Per-step cameraZoom: number 1–10 to override the auto-zoom on that
step. Centered on the step's target if any, else screen center.
cameraZoom always wins, even when autoZoom is false.

Complete worked example

From scratch — one shell script that drafts, renders, and prints the video URL. Replace $CAPTUREBEAM_KEY and the YAML body.

#!/usr/bin/env bash
set -euo pipefail

KEY=${CAPTUREBEAM_KEY:?}
BASE=${CAPTUREBEAM_BASE:-https://capturebeam.com}

YAML='title: Sign-up tour
subtitle: New user from scratch
render:
  quality: "1080p"
  aspect: "16:9"
  preset: midnight
  speed: normal
  autoZoom: true
steps:
  - type: goto
    url: https://app.example.com/signup
  - type: wait
    networkIdle: true
    ms: 1500
  - type: type
    target: { role: "textbox", placeholder: "Email" }
    text: "demo@example.com"
    caption: { text: "Enter your email" }
  - type: type
    target: { role: "textbox", placeholder: "Password" }
    text: "supersecret"
  - type: highlight
    target: { role: "button", name: "Create account" }
    durationMs: 700
  - type: click
    target: { role: "button", name: "Create account" }
    caption: { text: "And you are in." }'

JOB=$(curl -sS -X POST $BASE/api/v1/renders \
  -H "Authorization: Bearer $KEY" \
  -H "Content-Type: application/json" \
  -d "$(jq -nc --arg y "$YAML" '{yaml: $y}')" | jq -r .id)

echo "Render queued: $JOB"

while :; do
  R=$(curl -sS $BASE/api/v1/renders/$JOB -H "Authorization: Bearer $KEY")
  STATUS=$(echo "$R" | jq -r .status)
  case "$STATUS" in
    succeeded) echo "$R" | jq -r .videoUrl; break ;;
    failed)    echo "$R" | jq -r .error >&2; exit 1 ;;
    *)         sleep 3 ;;
  esac
done

Common patterns

Self-correcting agent

When a render fails on a missing target, the agent should scan the URL, find the closest matching element, and retry.

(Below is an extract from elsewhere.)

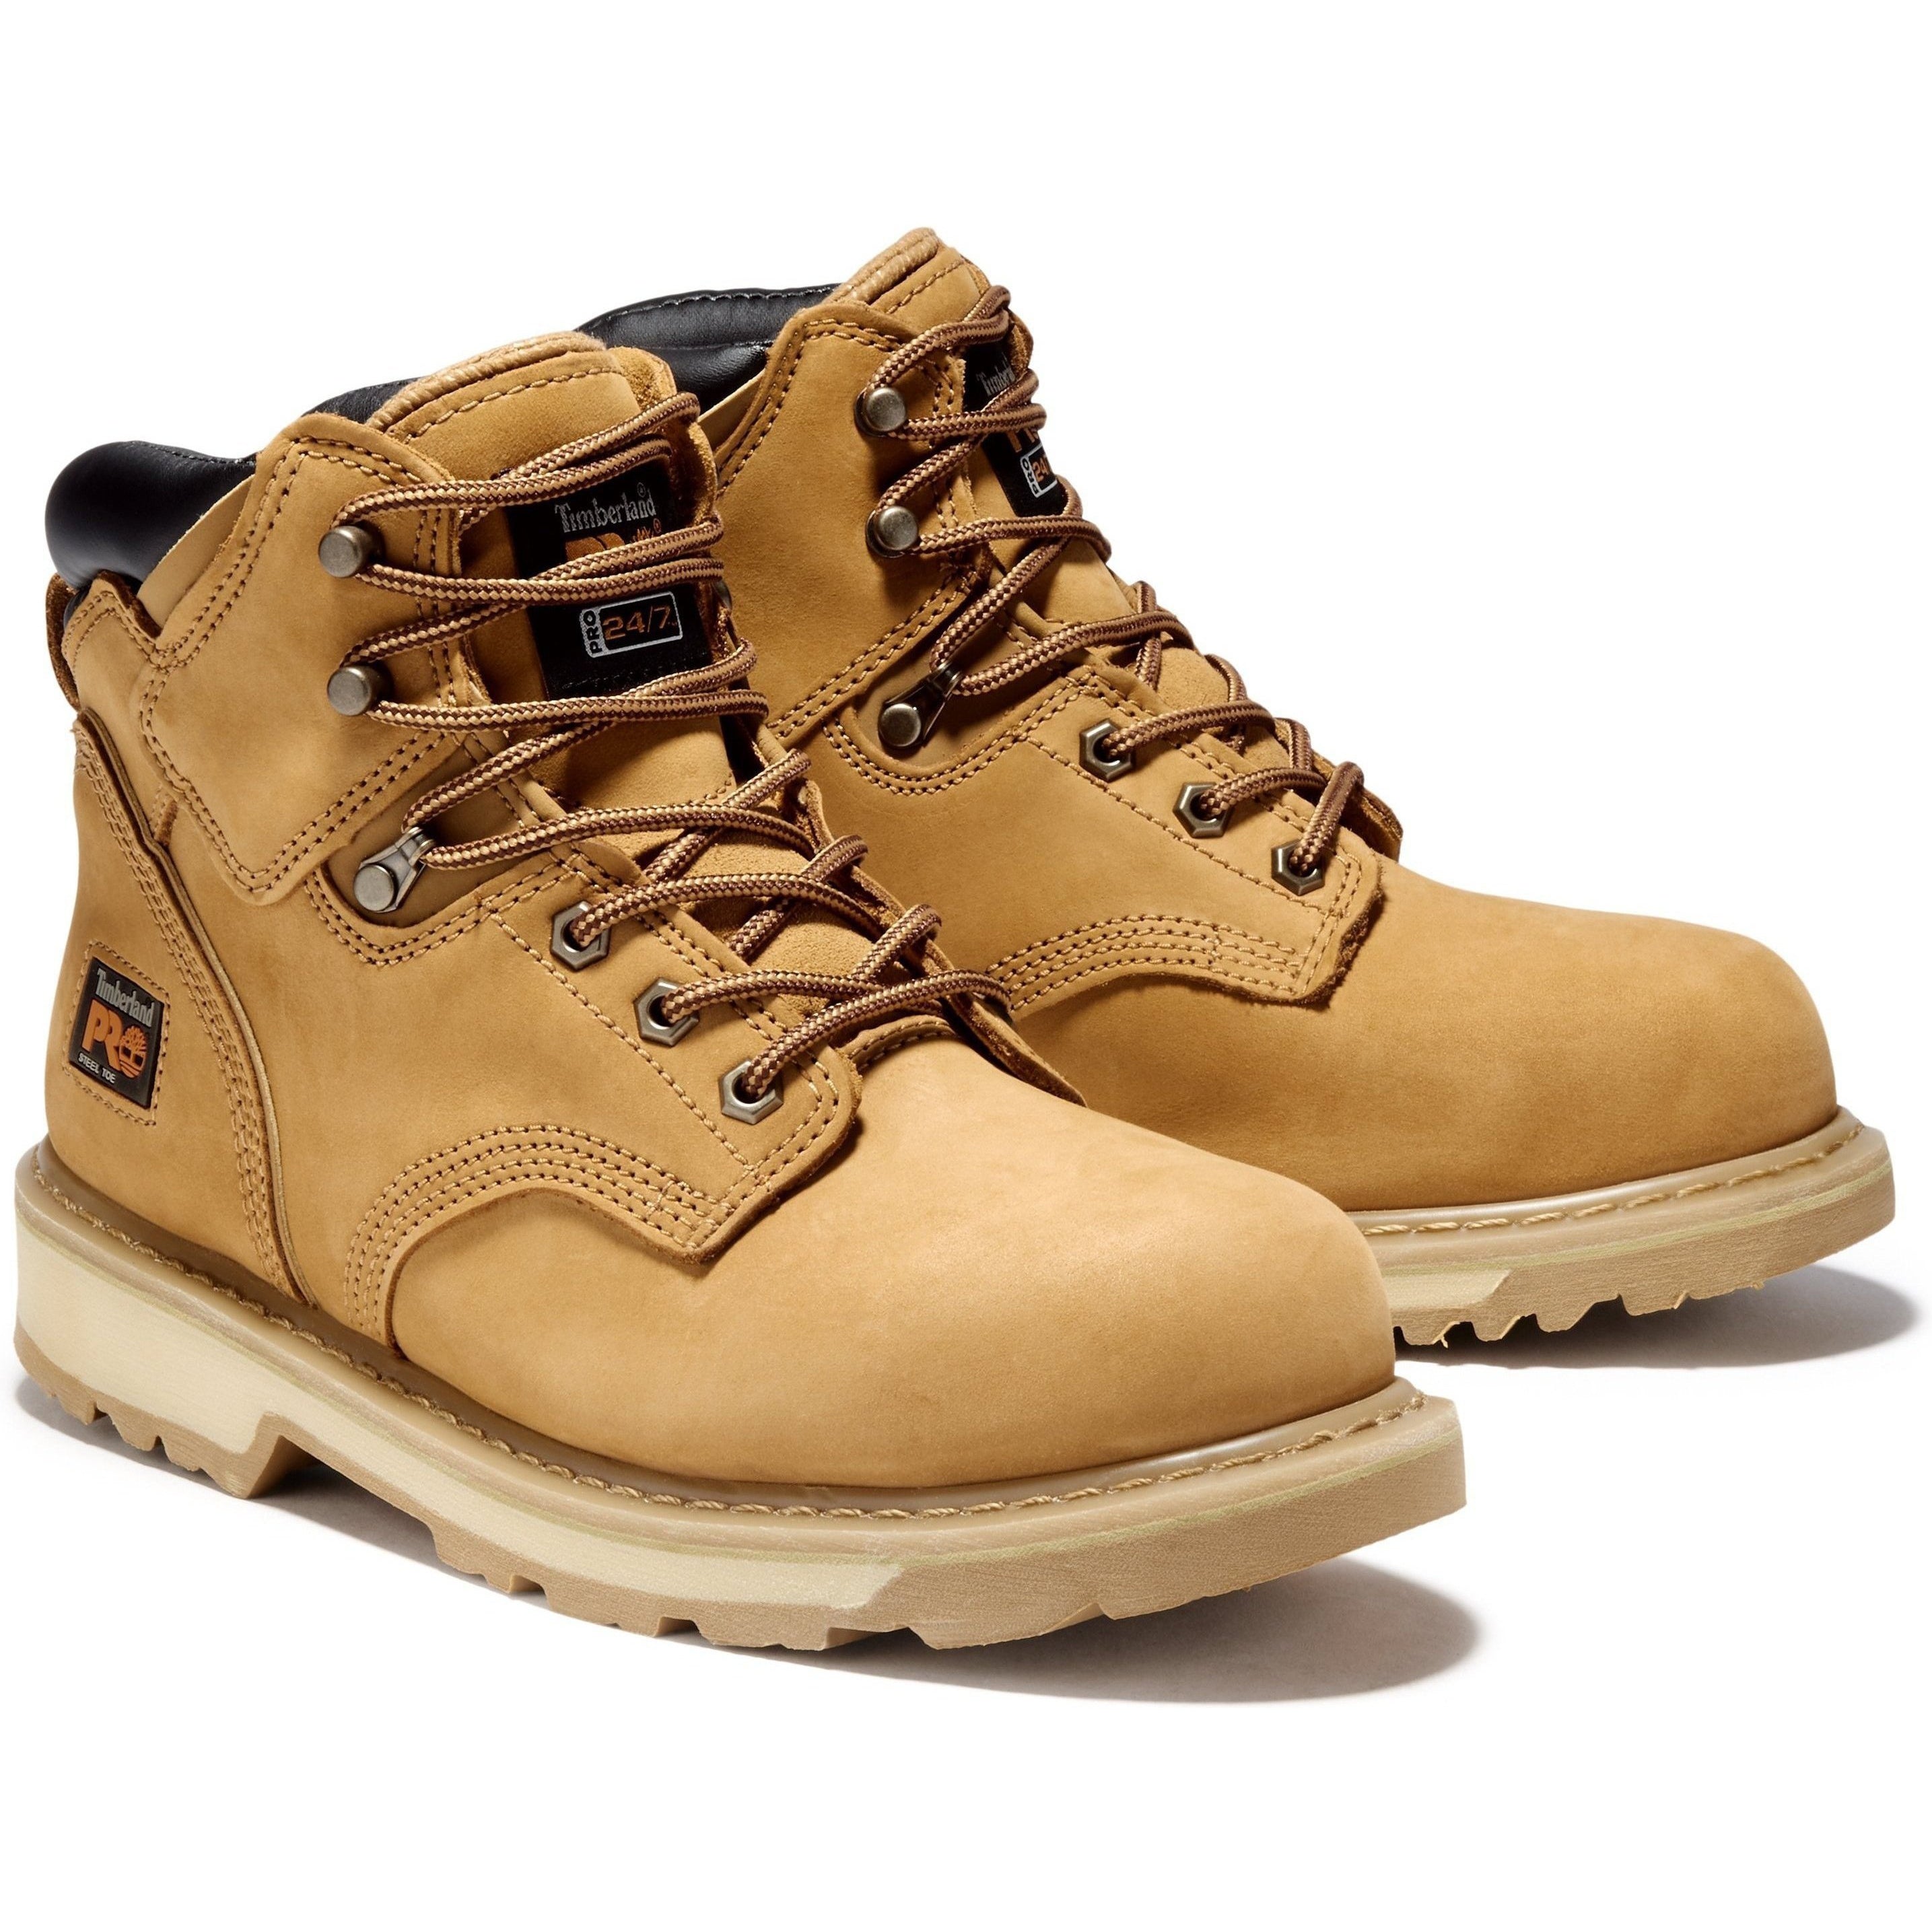 Timberland PRO Men's Pit Boss 6" Steel Toe Work Boot - TB133031231 7 / Medium / Wheat Nubuck - Overlook Boots

The poll response includes a per-step steps array — index, type, status (ok/skipped/failed), optional error, and the resolved selector/recovery hint that was tried. That's enough for the agent to fix exactly the broken step instead of redrafting the whole YAML. If the video succeeds but one beat is weak, patch only that beat's timing, caption, or camera fields and re-render.

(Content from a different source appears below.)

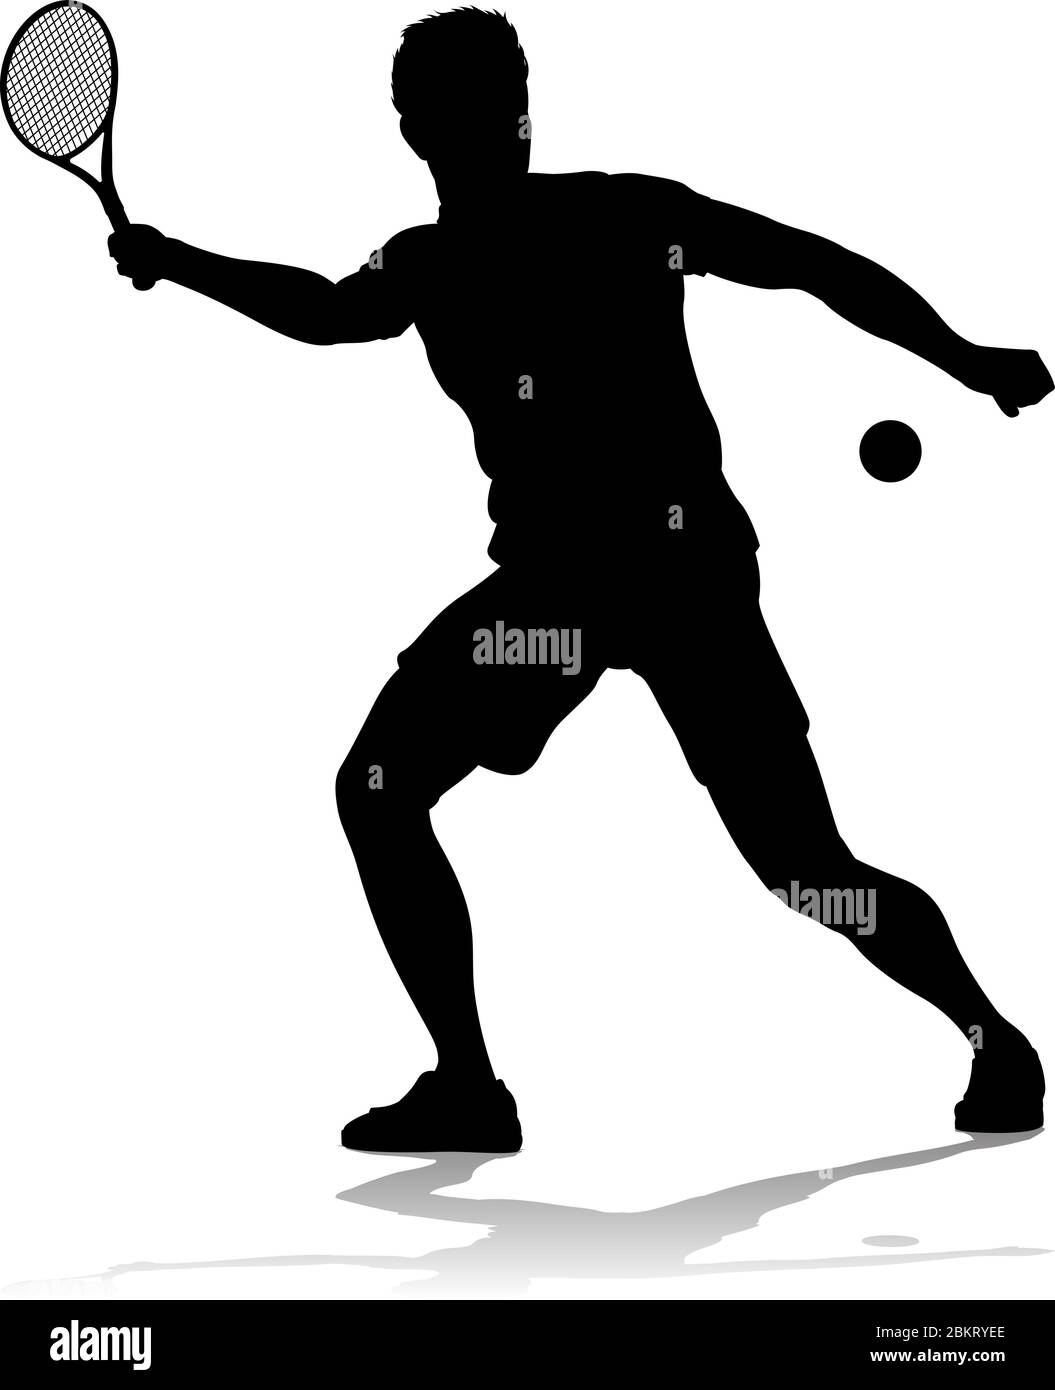 Tennis Silhouette Sport joueur Homme Image Vectorielle Stock - Alamy

# Pseudo-code for a self-correcting agent
yaml = author_yaml_from_repo()
for attempt in range(3):
  job = post_renders(yaml)
  result = poll(job)        # blocks until done

  if result.status == "succeeded" \
     and not any(s.status == "failed" for s in result.steps or []):
    return result.videoUrl

  # Find the first failed step and ask: "what did the runner try?"
  first_fail = next(s for s in result.steps if s.status == "failed")
  print("step", first_fail.index, "failed:", first_fail.error)
  print("selector:", first_fail.resolvedSelector)
  print("recovery:", first_fail.recovery)

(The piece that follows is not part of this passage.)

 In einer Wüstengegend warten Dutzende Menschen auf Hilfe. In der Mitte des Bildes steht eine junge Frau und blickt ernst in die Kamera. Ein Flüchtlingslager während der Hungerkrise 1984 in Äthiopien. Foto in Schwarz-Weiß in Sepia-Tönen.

  # Scan the page that step ran on, find a closest match by name.
  page = post_probe(deployed_url)
  fixed_target = best_match(first_fail, page.elements)

  # Preserve working steps; patch only the failed segment.
  yaml = patch_step(yaml, first_fail.index, fixed_target)

Per-PR demo bot

On every PR that touches a UI route, generate a demo video and comment with the embed. The agent reads the diff, identifies the changed page, and renders a flow that exercises the new code.

Onboarding videos from docs

For every "Getting started" markdown page in your docs, render a 30s walkthrough that demonstrates the steps. Re-render the whole set on a nightly cron — broken videos surface UI changes before users do.

API surface used by agents

  • GET /api/v1/schema — JSON Schema + quick reference. No auth required.
  • POST /api/v1/probe — discover elements at a URL. Bearer auth.
  • POST /api/v1/renders — submit a render. Bearer + active subscription.
  • GET /api/v1/renders/{id} — poll a render. Bearer auth.

Full reference + status codes: /docs/api.

Limits

  • Concurrency: 3 renders in flight per account. The 4th returns 429 — agents should back off and retry.
  • Scan: Bearer-authed but not subscription-gated, so an agent can scan a page before the user has subscribed.